Task details
Please return the data that follows precisely as written, but without the images.

Given information
################

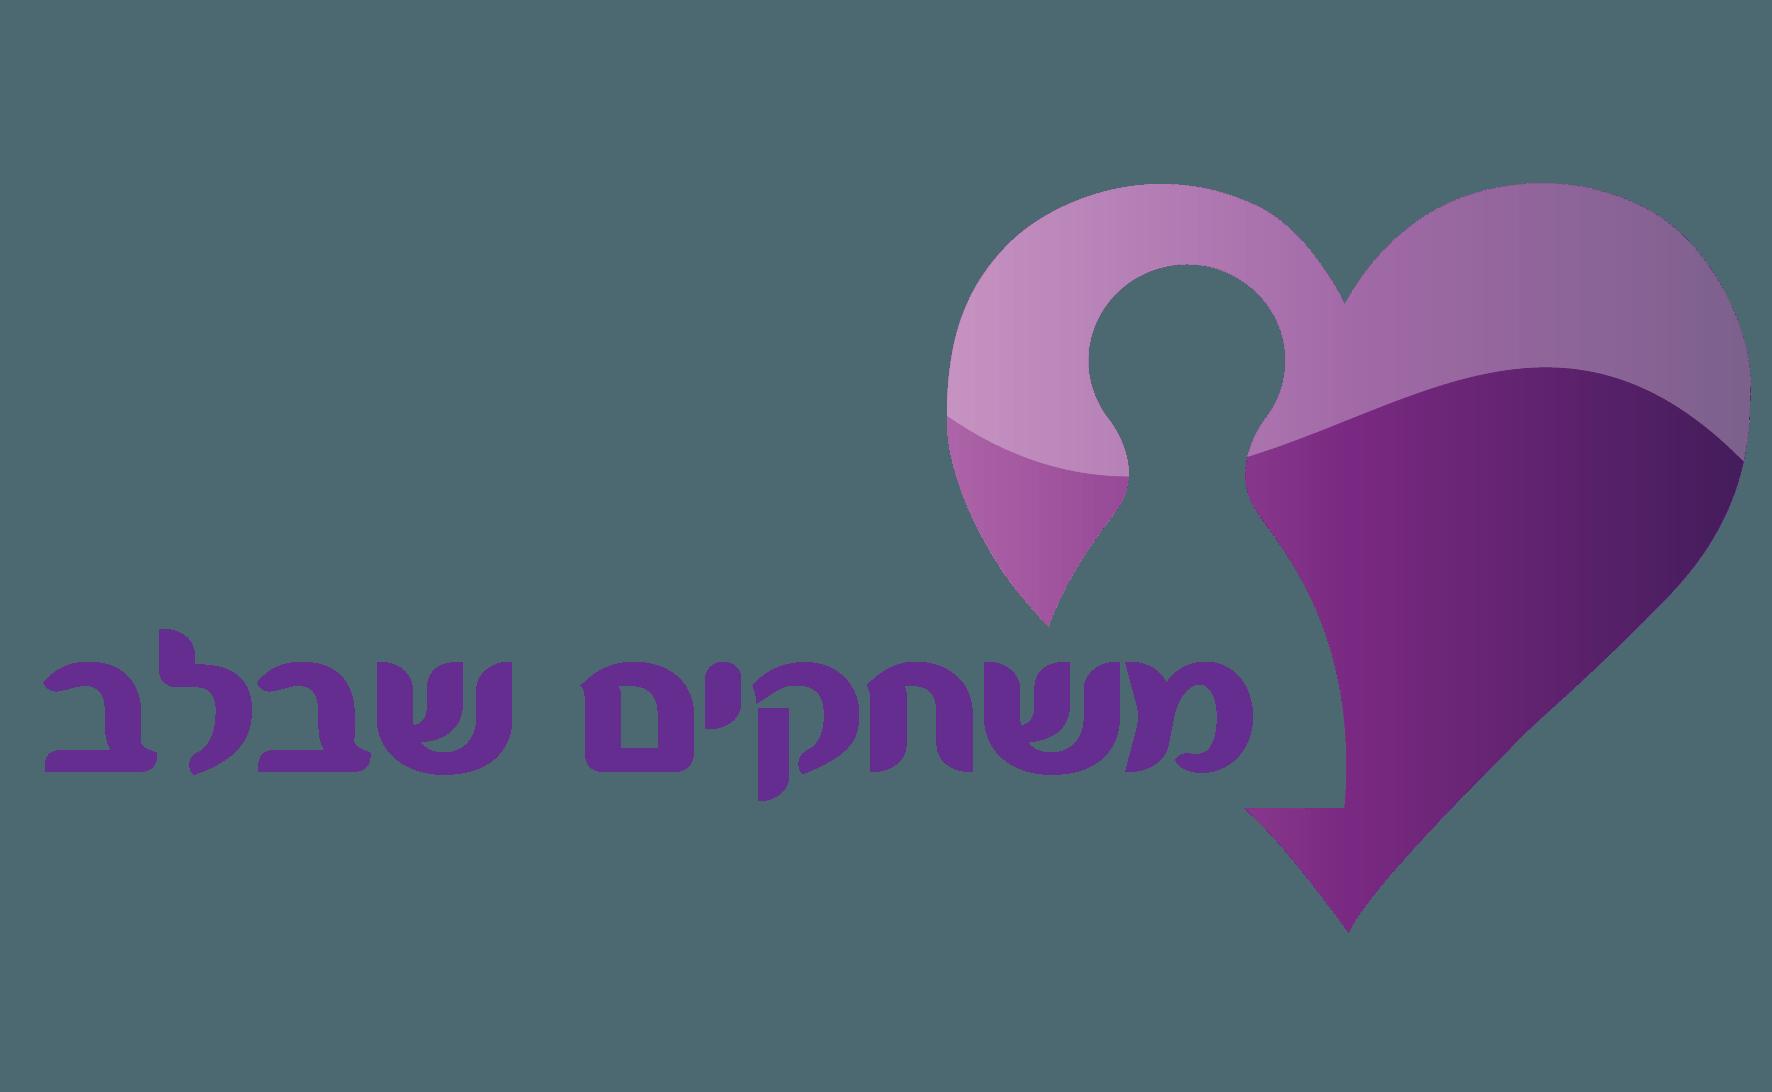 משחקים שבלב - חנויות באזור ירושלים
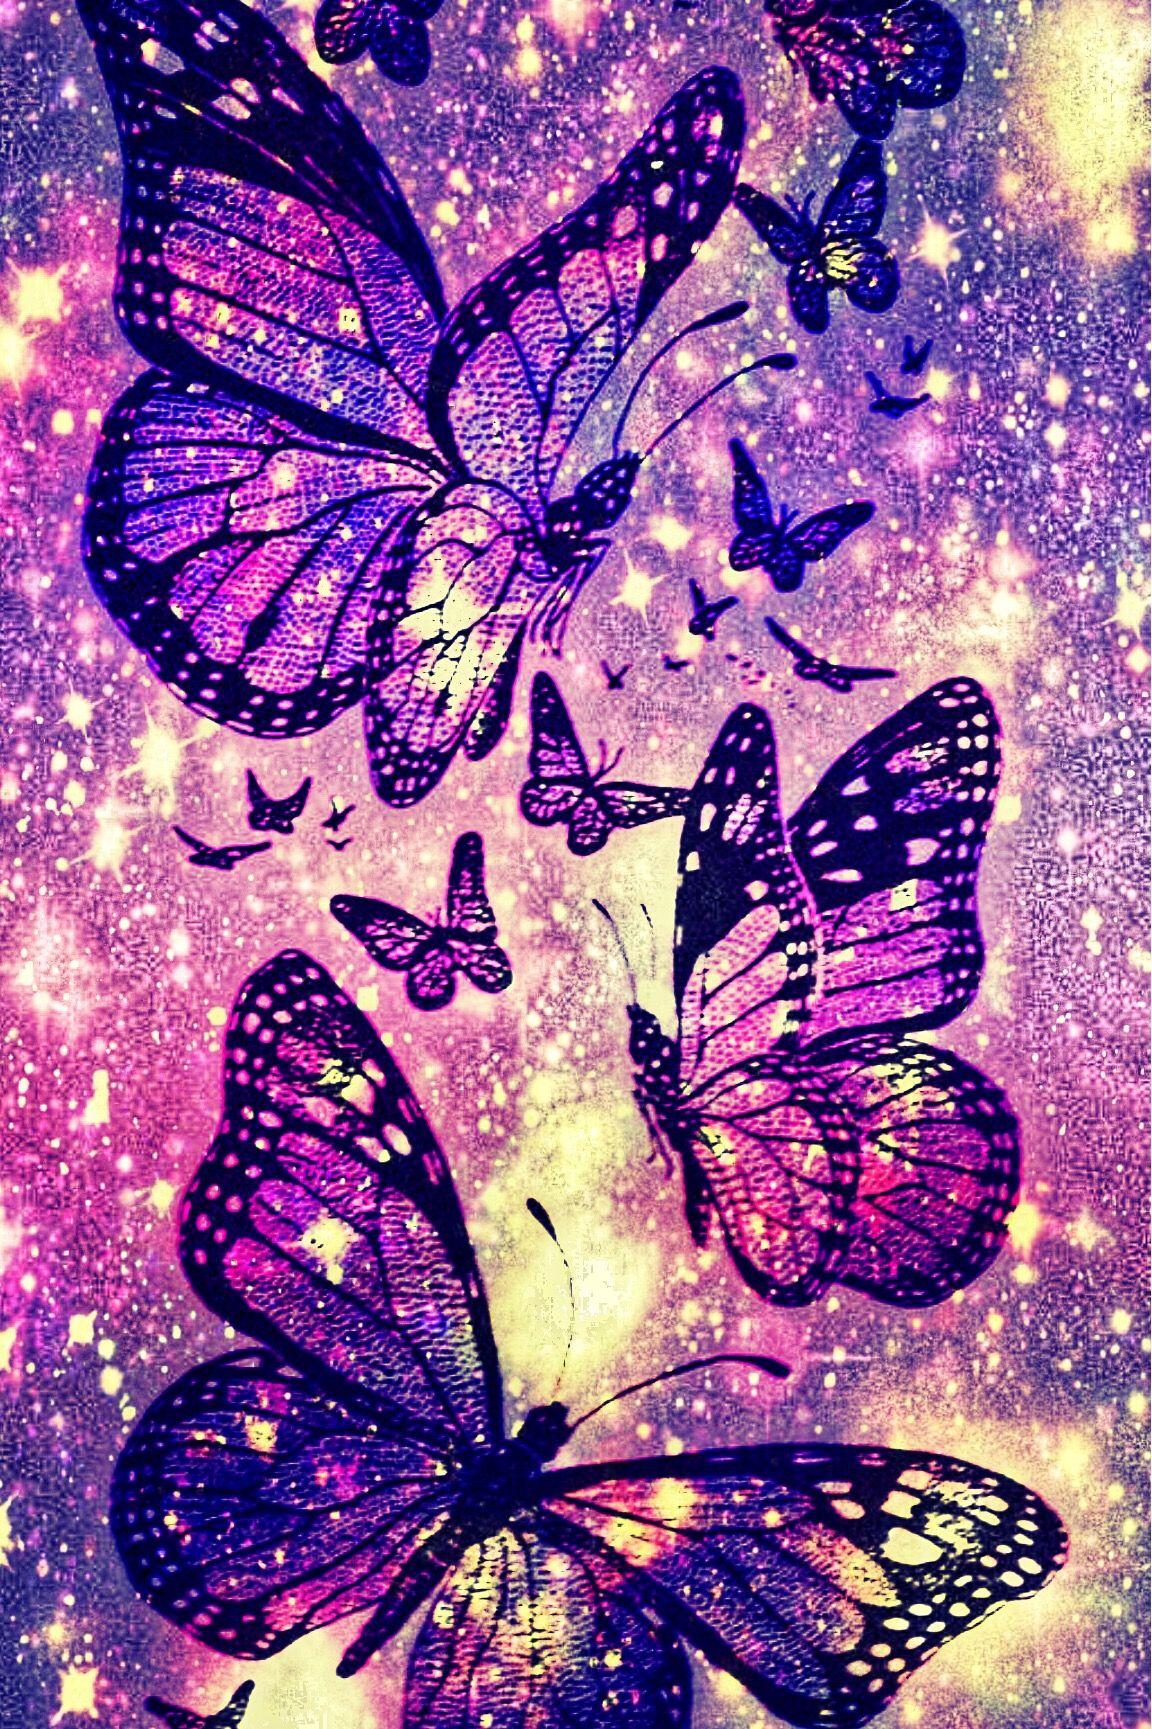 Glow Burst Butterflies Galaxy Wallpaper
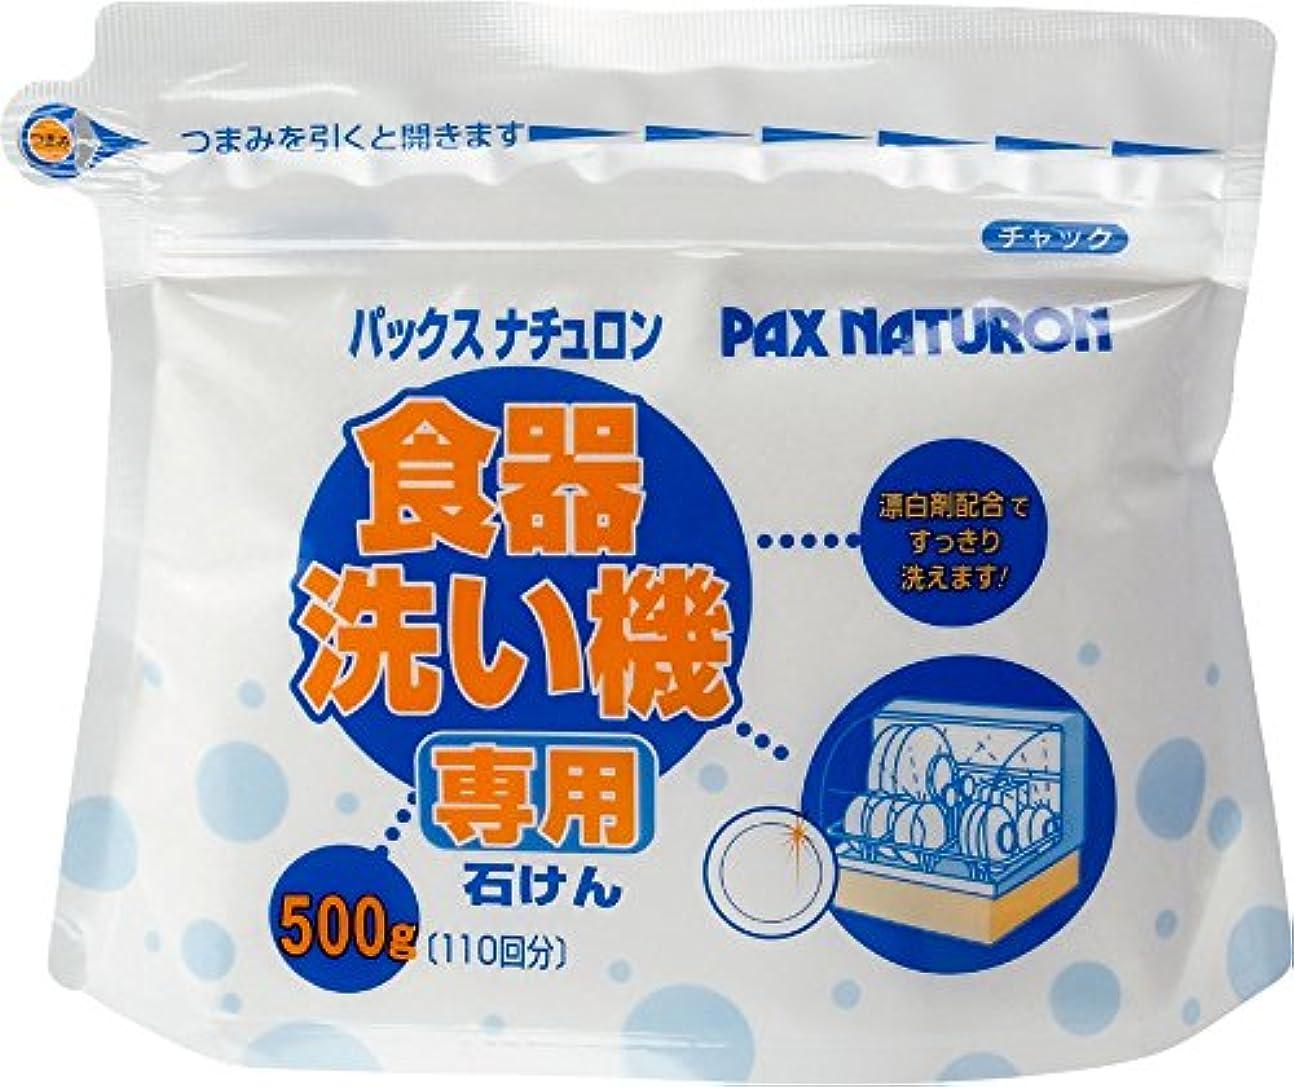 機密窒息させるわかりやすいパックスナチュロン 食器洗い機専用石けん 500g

################

Answer box
 משחקים שבלב - חנויות באזור ירושלים
 Glow Burst Butterflies Galaxy Wallpaper
 機密窒息させるわかりやすいパックスナチュロン 食器洗い機専用石けん 500g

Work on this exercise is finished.